At about this time, 1971, ASP branched out into open wheeler formula cars with Formula 2 and 3 cars, the ASP 330. Four of these cars were built in period, three racing in Formula 3 and one in Formula 2. After this ASP returned exclusively to Clubman-style sports cars.

In 1972 two 340B cars were produced of a completely new design. One of these cars, Chassis 23 was built for Jim Doig who was still racing the car in 2021 and despite a large crash at The Bend in South Australia is intending to fix the car and have it back on track in 2022 for the cars 50th year. This design was followed closely by the 340C built from 1972 to 73. Six of these cars were built and all but one seem to have survived the intervening years.

These cars followed the Clubman Formula of the day: single camshaft engine of no more than 1.3 litres capacity, front engine two seat racing cars. All were powered by either the Toyota Corolla 3K or Datsun A12 engine and ran a differential from a Morris. These highly effective sports cars were affordable and quick, able to embarrass much more powerful sports cars and smaller formula type cars regularly.

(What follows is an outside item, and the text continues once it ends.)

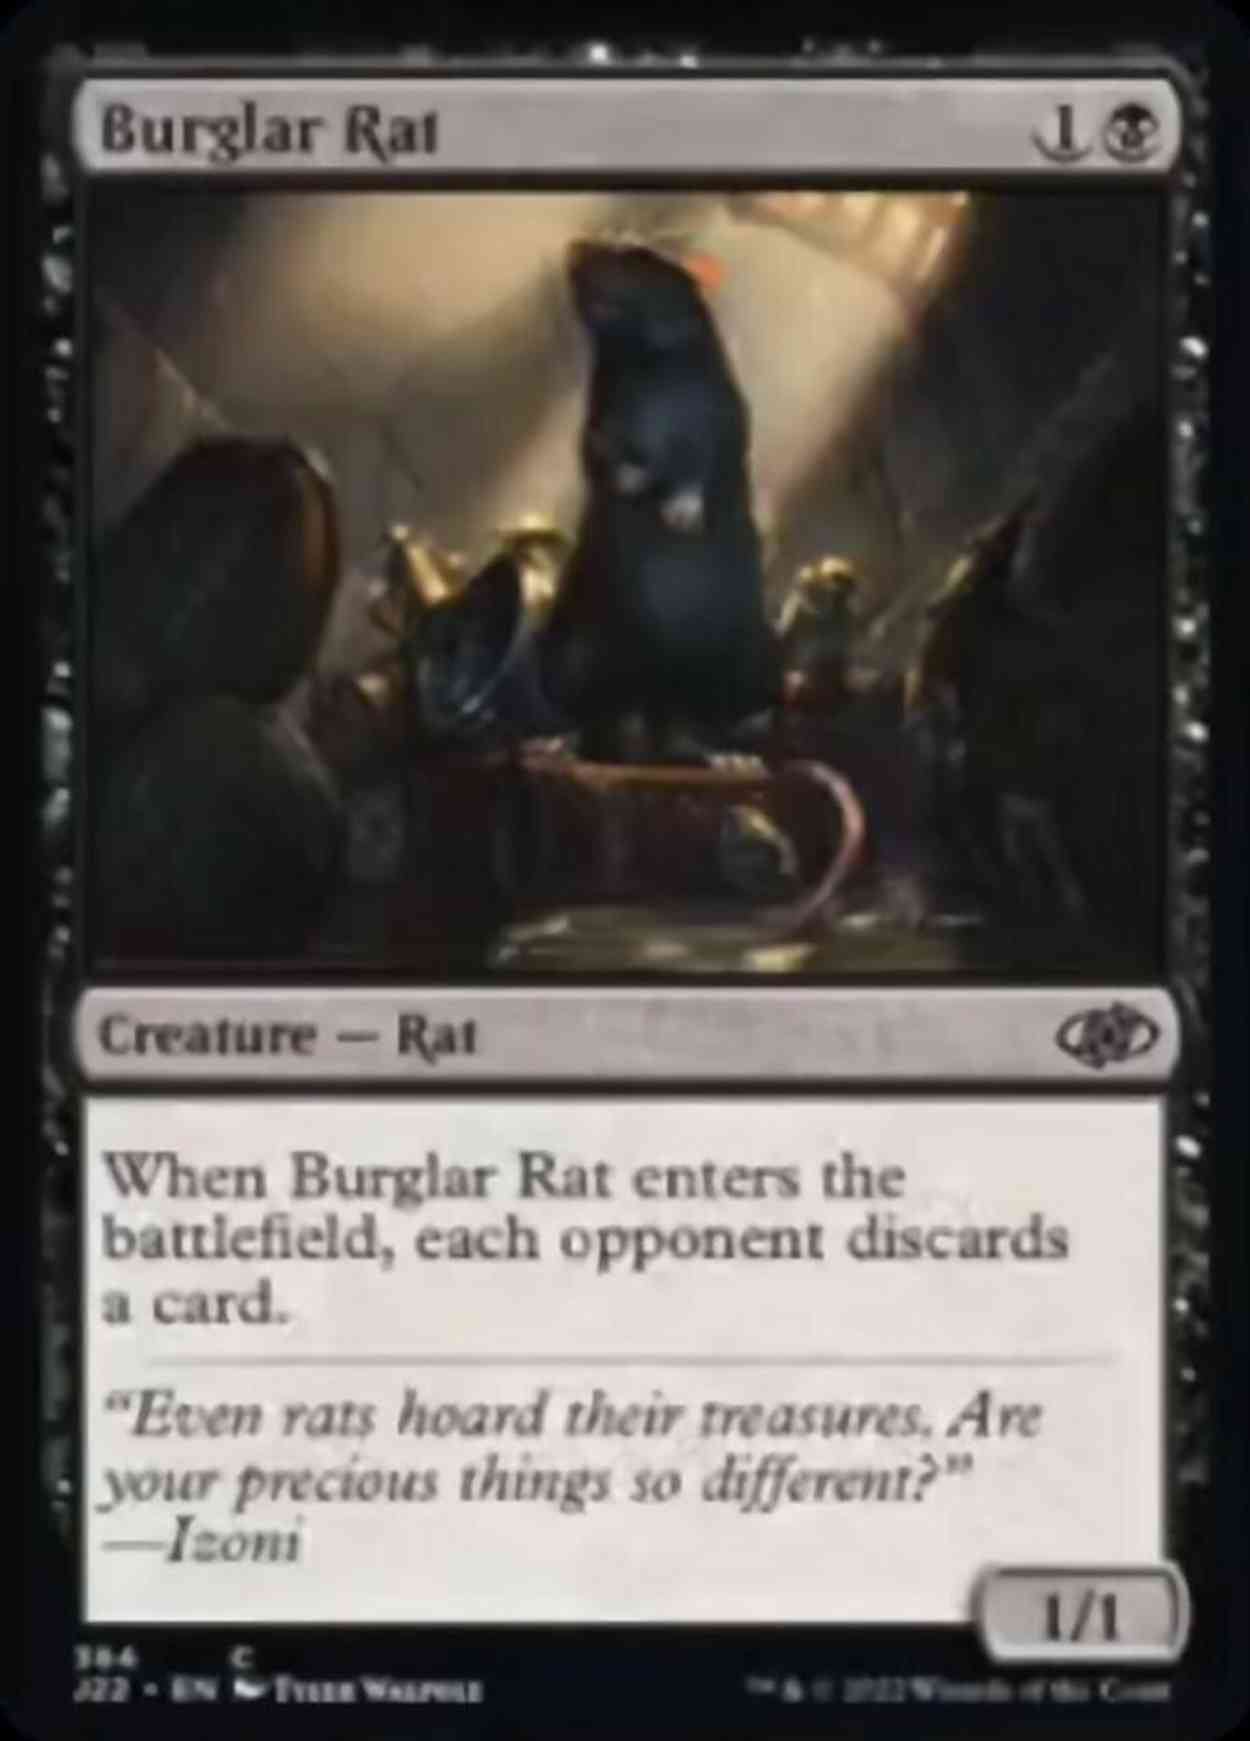 Burglar Rat magic card front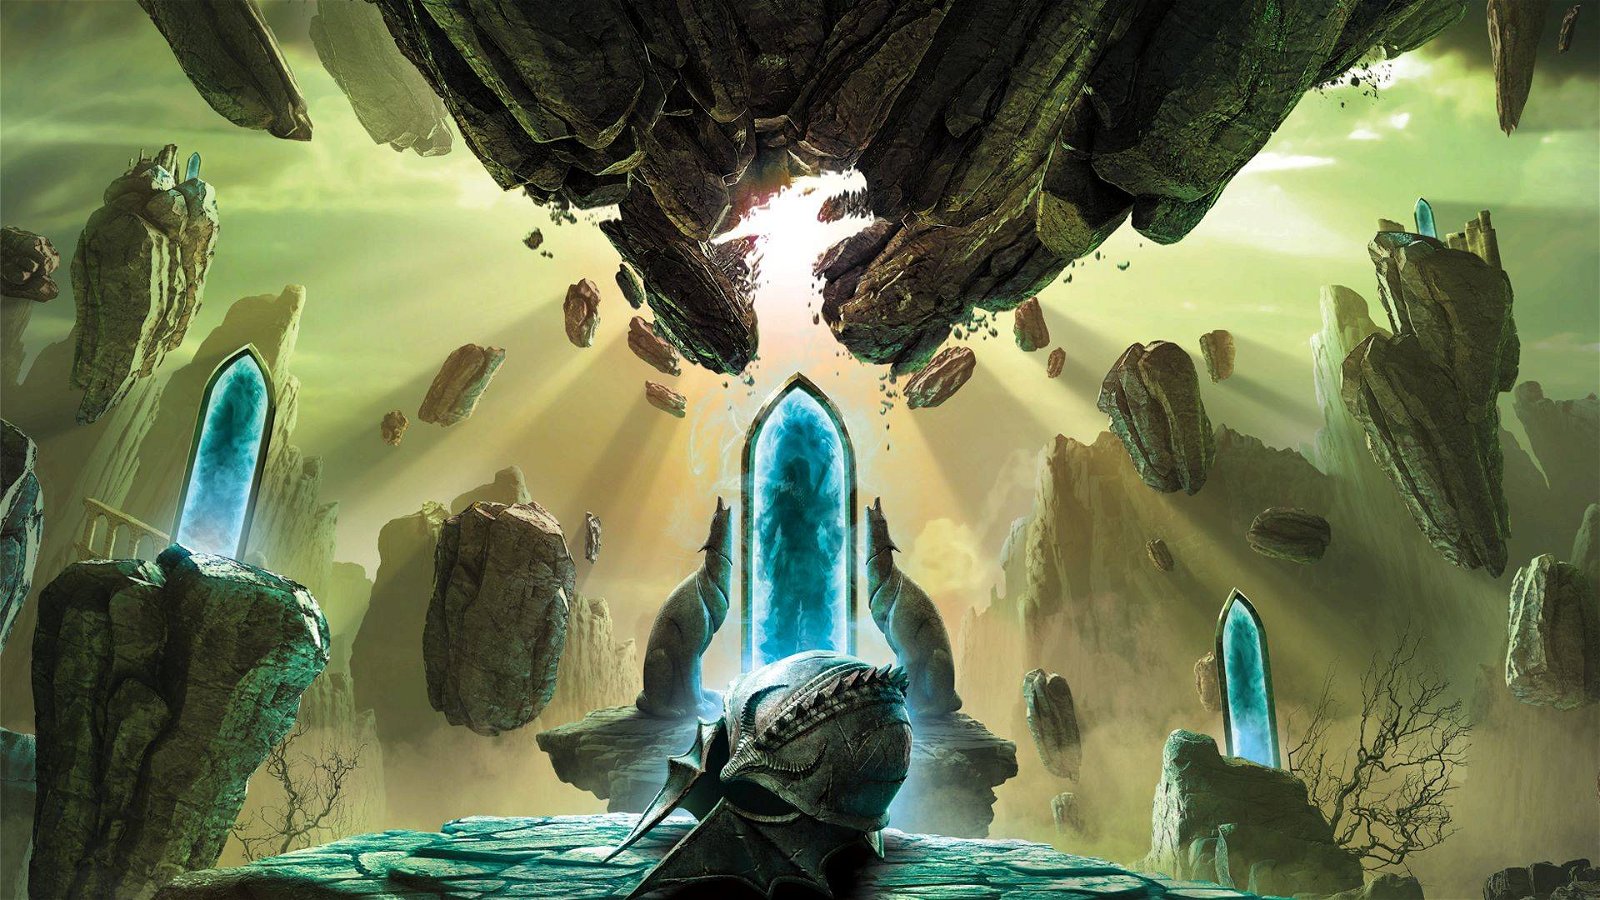 Immagine di Dragon Age Day: EA e Bioware celebrano la nota saga fantasy con diverse novità

By 1974 it had become clear that the company's finances were not as they should be, and a series of issues caused Ray to decide to wind the company up with Ray and Rory going their separate ways. However, after building some new road going ASP Clubmans in his spare time Rory decided to start a new business Alpha Sports Productions to build new models of the ASP 320. These were built by their owners under the supervision of Rory at his premises in Salisbury and not only resulted in a car, but the learning of all the skills to build the car being acquired by the owner. The final cars were known as the ASP 320G and were generally powered by 4AGE engines from a Toyota with some later owners moving to Mazda engines.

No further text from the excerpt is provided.